If captains performed like the ICC they’d be out of job in no time, writes Ian Chappell.
At long last the ICC has decided there’s a problem with bats; they’re being hailed as too good and consequently disturb the balance between bat and ball. This, combined with the fact that the ICC also recently decreed that shorter boundaries are contributing to the problem, is a classic case of being way behind the game.
If a captain isn’t at least two overs ahead of the game he’s in big trouble. The ICC is fortunate there’s no selection process to decide their fate following a spate of bungling.They were similarly tardy in reacting to the plethora of dodgy bowling actions that plagued the game. After a couple of decades of allowing kids to copy all forms of weird and wonderful deliveries, most of which would have been deemed ‘pelting’ in bygone eras, they’re now in the process of cleaning up bowling actions.
That’s good news but they still haven’t addressed the most important aspect of chucking. There’s no protection for batsmen dismissed by an illegal delivery. There has to be an on-field call of no-ball from the umpire in the case of a bowler who chucks the odd delivery.
The ICC has decreed that the boundaries, where possible, will be at a distance of 90 metres during the World Cup. This is an admirable decision but it should’ve been taken ages ago. If a bowler is good enough to entice a mis-hit, the ball should stay within the field of play. This hasn’t been the case for quite some time.
However, the massive increase in the number of ODI sixes isn’t the main concern. The likelihood of serious injury and the tilting of balance between bat and ball are far greater issues. The ball is now rushing back at bowlers and umpires at such a rate that the issue needs to be addressed before there is a serious injury.
The balance between bat and ball has seen a major shift in favour of the willow wielders. Mis-hits are clearing the ropes far too often and edged drives are flying over the head of the slip fielders.The problem that cricket has in comparison to games like tennis and golf, is there’s only one way to rectify the issue. Tennis can slow down the balls and courts while in golf the course can be lengthened.
Cricket can’t do much with the ball and so, apart from keeping the boundaries at a reasonable distance, bats are the only solution. While it’s hard to stop progress in bat manufacture, it’s time to restrict the depth of wood in the bats.
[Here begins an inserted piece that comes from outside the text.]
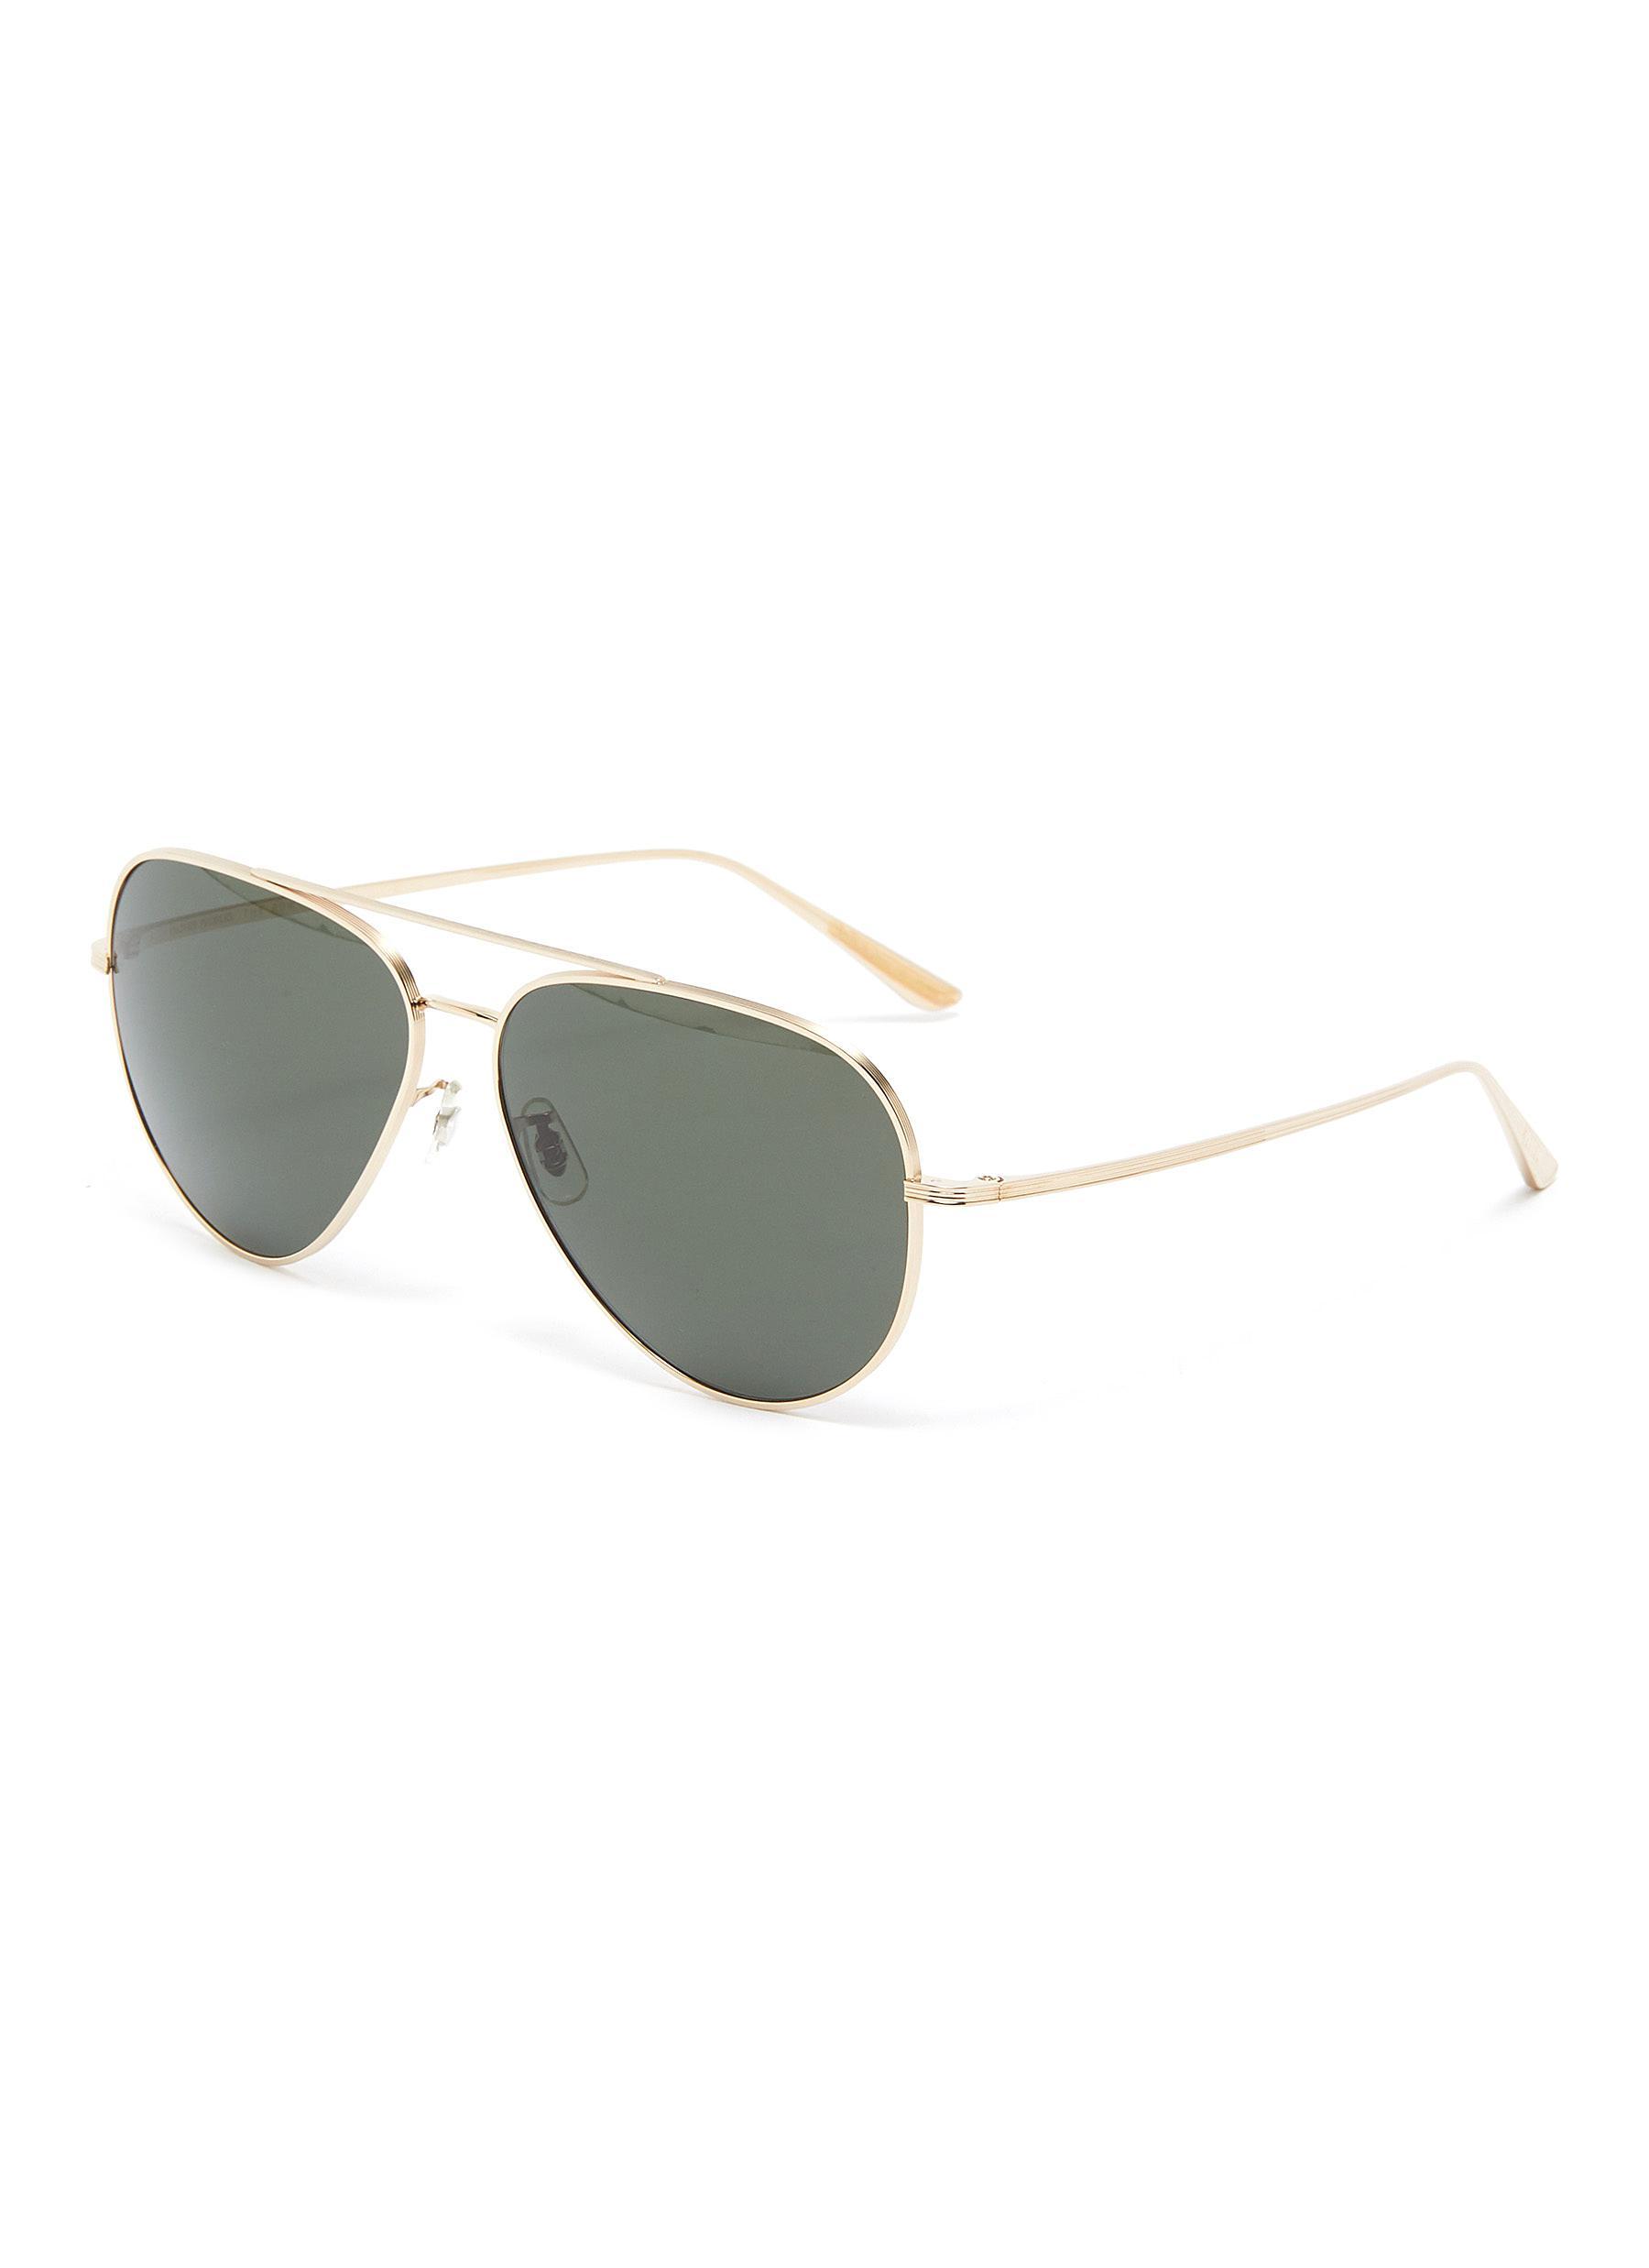 X The Row 'CASSE' Teardrop Sunglasses - OLIVER PEOPLES ACCESSORIES - Modalova

The width of the edges and the meat of the bat have increased enormously and with it the ‘sweet spot’ is widened. Bat manufacturers have said bats aren’t the sole reason the ball is flying further. They are probably right but the reason bowlers and umpires are in danger is the speed of the ball coming off the bat. That is all down to the improvement in bats. If a captain is behind the game too often, he faces the sack. However, if lawmakers remain oblivious to crucial trends in the game, it’s only a matter of time before someone is going to be seriously injured.